MUST-SEE UNIQUE FEATURE OR SEASONAL HIGHLIGHT: If you have time for nothing else, make the quarter-mile stroll to McWay Falls. From the parking lot, follow an easy trail under the highway. Turn right at the trail intersection. You'll soon see a waterfall that looks like something out of a tropical paradise, and-if you're lucky-possibly a sea otter, harbor seal or California sea lion. If you're visiting December through March, keep an eye out for the migrating gray whales that occasionally explore the cove.
HIDDEN GEM: At this writing in 2010, trails exploring the inland side of the park (Ewoldsen and Tanbark) are closed due to damage from a 2008 fire. But there's still a way to experience the park's upper reaches. Drive to Vista Point, about 1 mile north of the park entrance. From there, hike 2.3 miles up a fire road to Tin House. From there, you can often enjoy gorgeous views of the entire coastline. Look up, too, because California condors sometimes sit atop redwoods and soar along the ridge tops.

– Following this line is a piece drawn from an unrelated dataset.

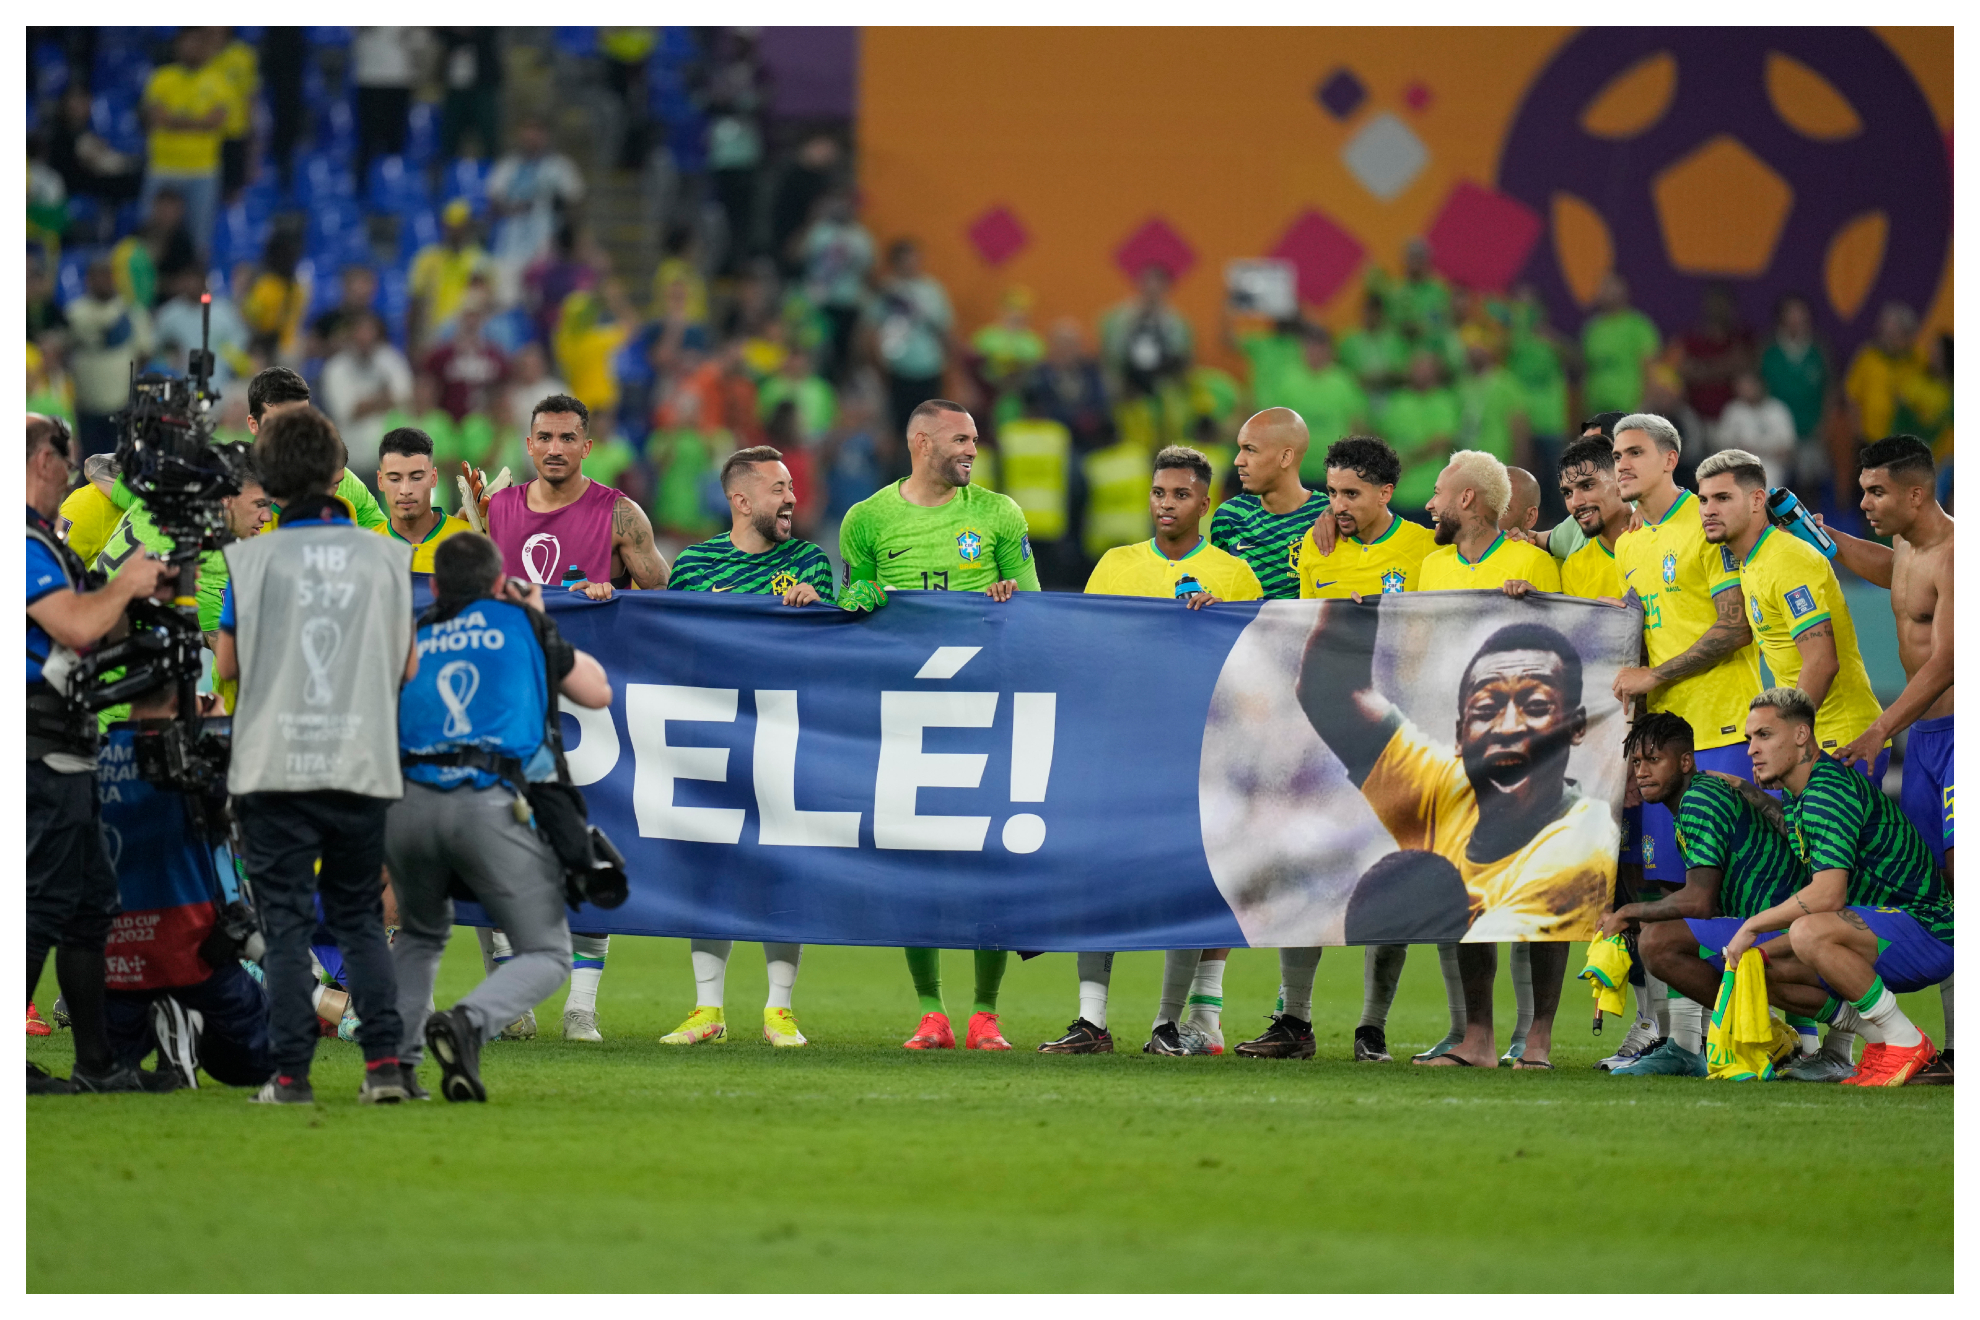 Los jugadores mostraron esta pancarta de apoyo a Pelé al final del choque.
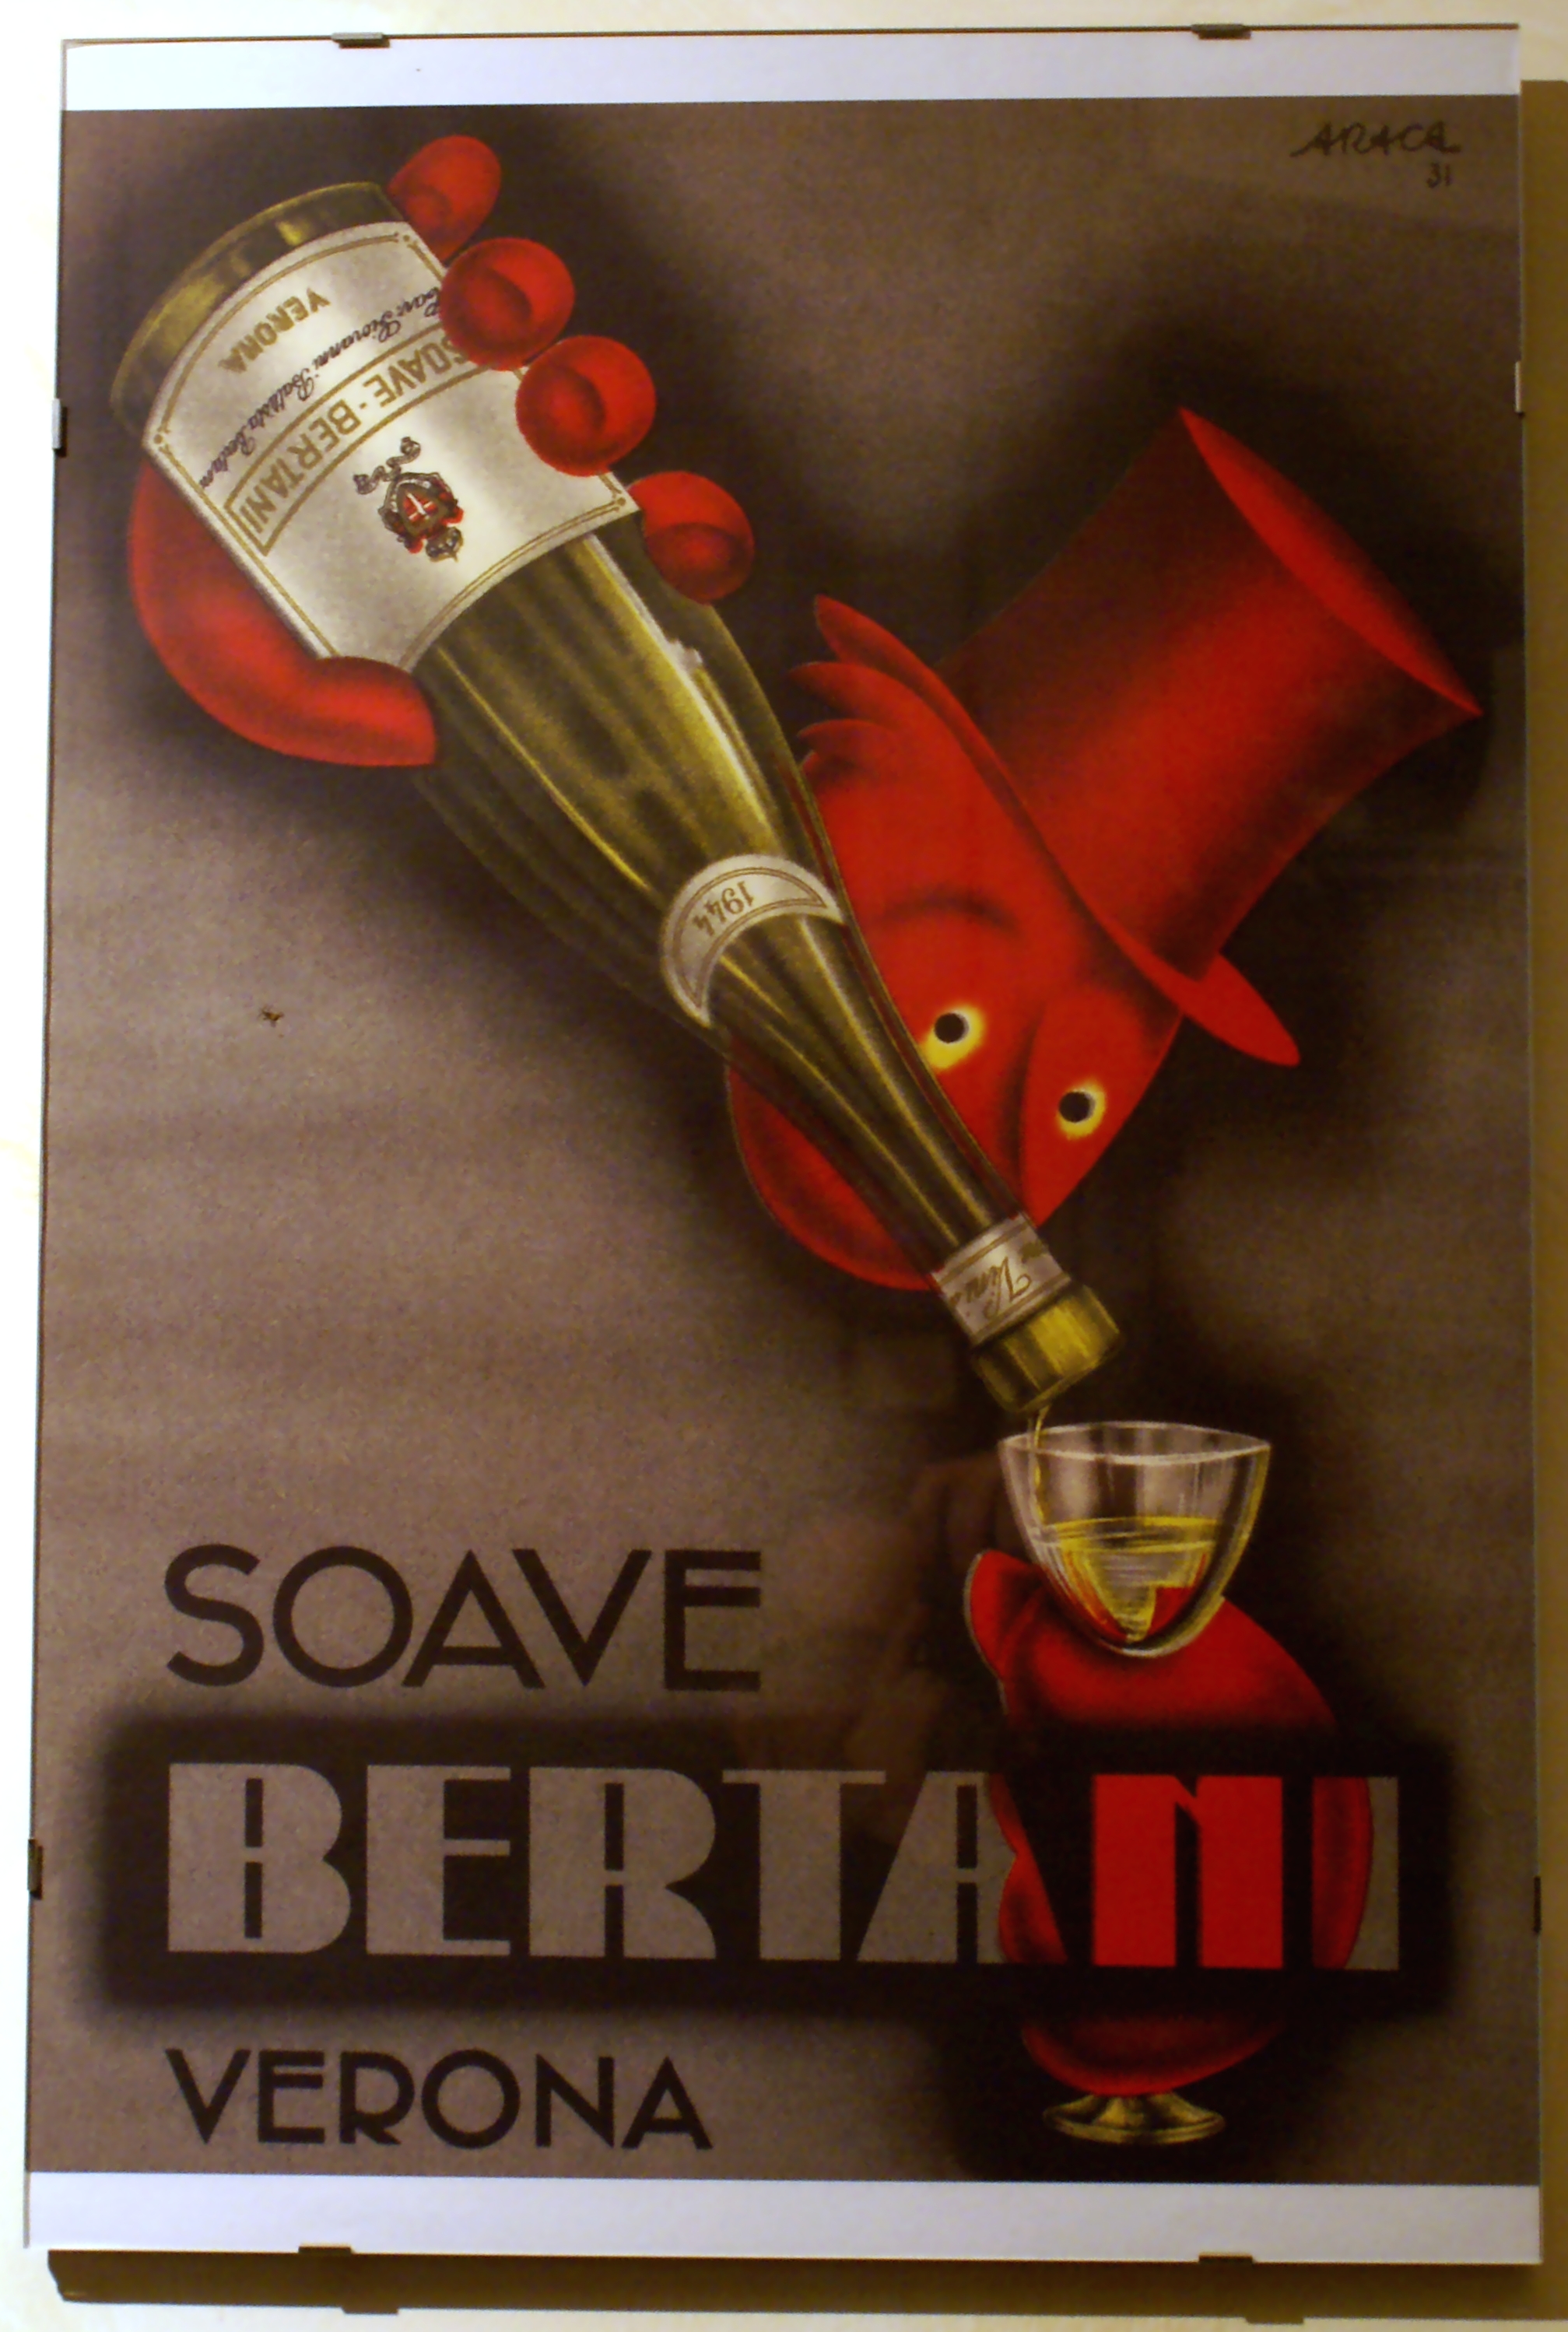 Bertani 1920 poster

MORE INFORMATION: Go to the park Web site, call (831) 667-2315, or write Big Sur Station #1, Big Sur, CA 93920.
Regan Ranoa, Outreach Manager, suggests a stop in at Fernwood Tavern for live music and a good beer.
STOP: Stop and stay in a yurt!
For an amazing experience, Regan recommends making a reservation at Esalen for their hot springs. The cliff-side, outdoor springs are only open to the public from 1am-3am.
FAVORITE HIKE: The Waterfall Trail is very short, only about 1/3 of a mile, and leads from the parking lot to a ledge overlooking a beach and cove below, as well as McWay Falls, where the creek cascades over 80 feet down to the beach below.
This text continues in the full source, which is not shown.